- Born: 30 December 1951 Hungary
- Died: 26 September 2002 (aged 50) England
- Education: University of Wolverhampton, Durham University
- Known for: Applying insect biology to criminal investigations; solving over 200 murder cases
- Notable work: Maggots, Murder and Men (2000), Every Contact Leaves a Trace (2001)
- Spouse: Sharon Wynne Davies (m. 1984)
- Children: 1 son, 2 daughters
- Awards: John Grundy Medal for medical entomology, Royal Army Medical College
- Scientific career
- Fields: Forensic entomology
- Workplaces: Zoological Society of London, University of Cambridge, Durham University

= Zakaria Erzinçlioğlu =

British forensic entomologist

Zakaria Erzinçlioğlu (30 December 1951 – 26 September 2002), also known as Dr Zak, was a British forensic entomologist. He used his expertise in insect biology in criminal investigations and solved more than 200 murders, earning him an international reputation.

==Early life==
Erzinçlioglu was born on 30 December 1951 in Hungary to parents of Turkish origin. He was brought up in Egypt, Sudan, and England.

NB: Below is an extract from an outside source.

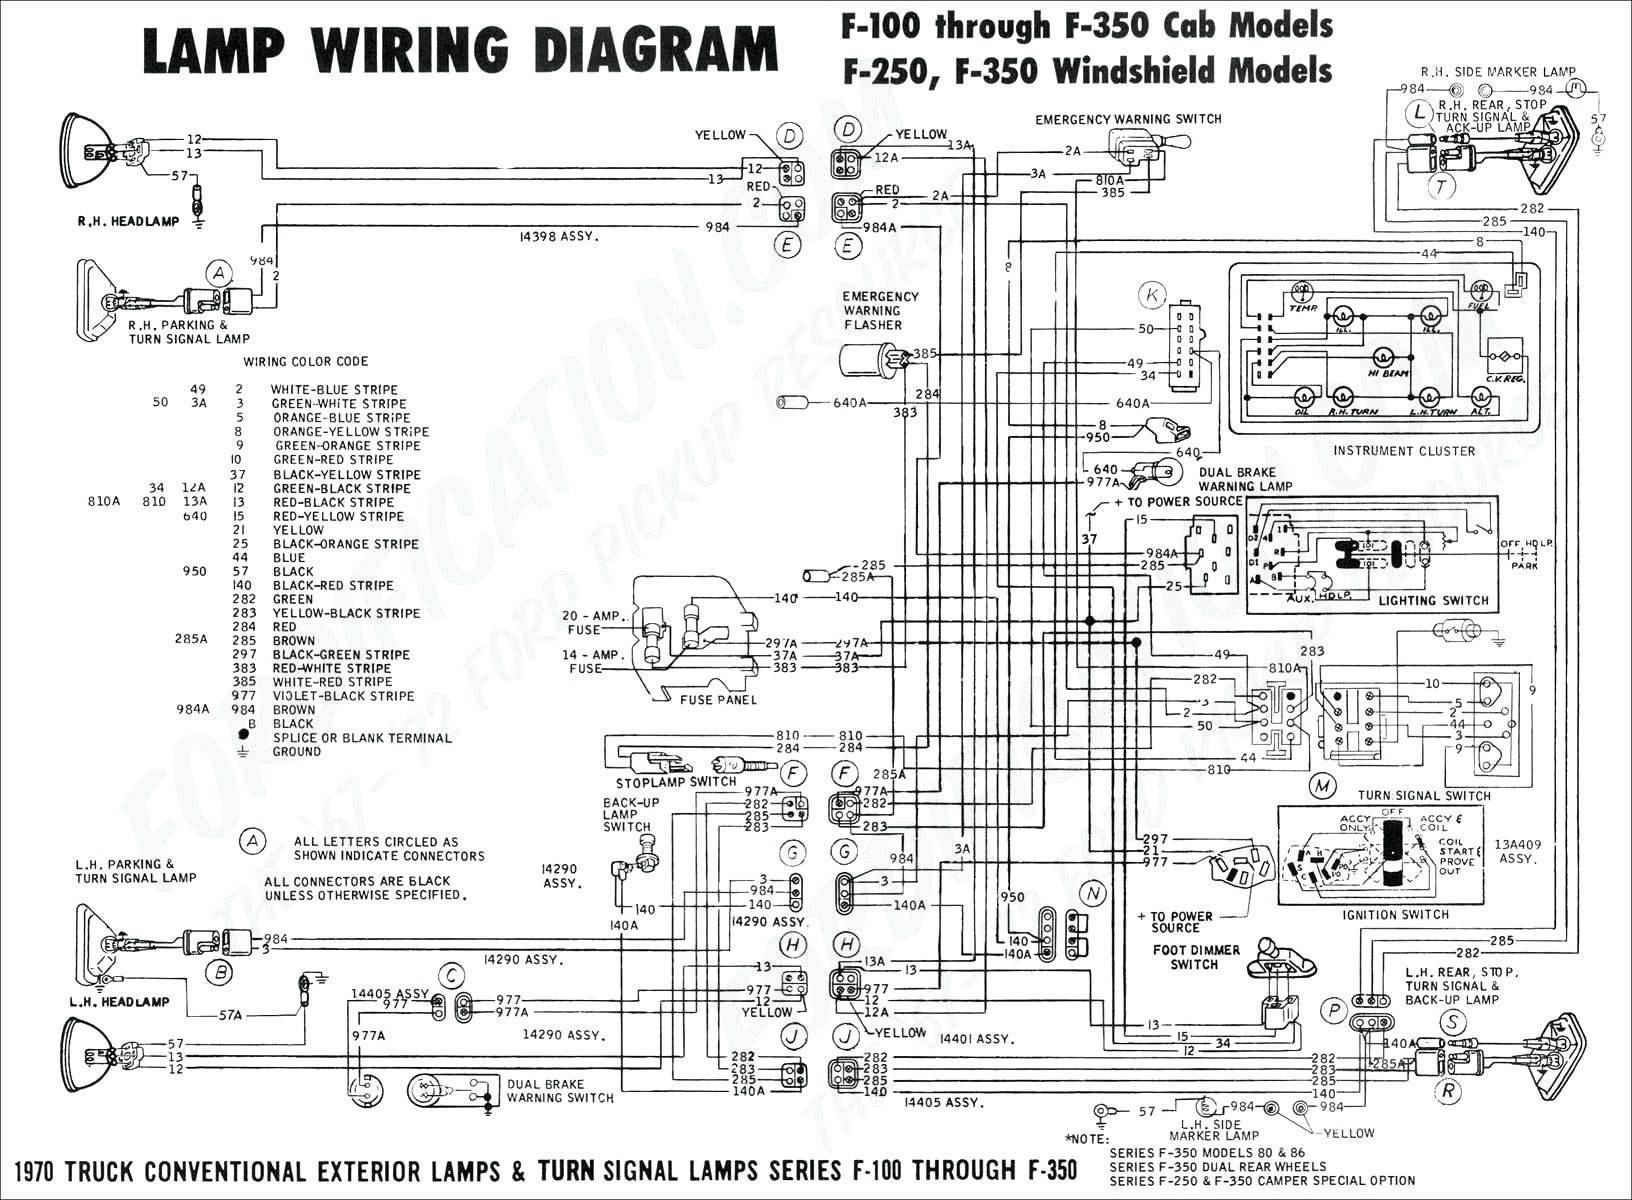 Audi A4 Brake Light Wiring Diagram Best 2002 Ford F 250 Super Duty Cool F250 Trailer

He earned a degree in applied zoology from Wolverhampton Polytechnic in 1975, and then began working for the Zoological Society of London. He then studied for his doctorate at Durham University. In 1984 Erzinçlioğlu moved to Cambridge University where he wrote about blowflies for The Naturalists' Handbooks series, as well as writing for other publications. He also received funding to do research in forensic entomology and was later appointed director of a new Forensic Research Center at Durham University.

==Books==
During the last years of his life, Erzinçlioglu spent time writing books from his home. Maggots, Murder and Men (2000) was the runner-up in the Crime Writers' Association 2001 Silver Dagger Award for non-fiction. He also wrote Every Contact Leaves a Trace (2001), as well as the children's story Ivo of the Black Mountain and a murder mystery Jackdraw Crag.

==Television==
Erzinçlioğlu participated in several television programmes on forensic science, including The Witness was a Fly on the BBC.

==Awards==
He was awarded the John Grundy Medal for medical entomology by the Royal Army Medical College.

==Personal life==
Erzinçlioğlu married Sharon Wynne Davies in 1984. He had one son and two daughters.

He died on 26 September 2002 of a heart attack in England.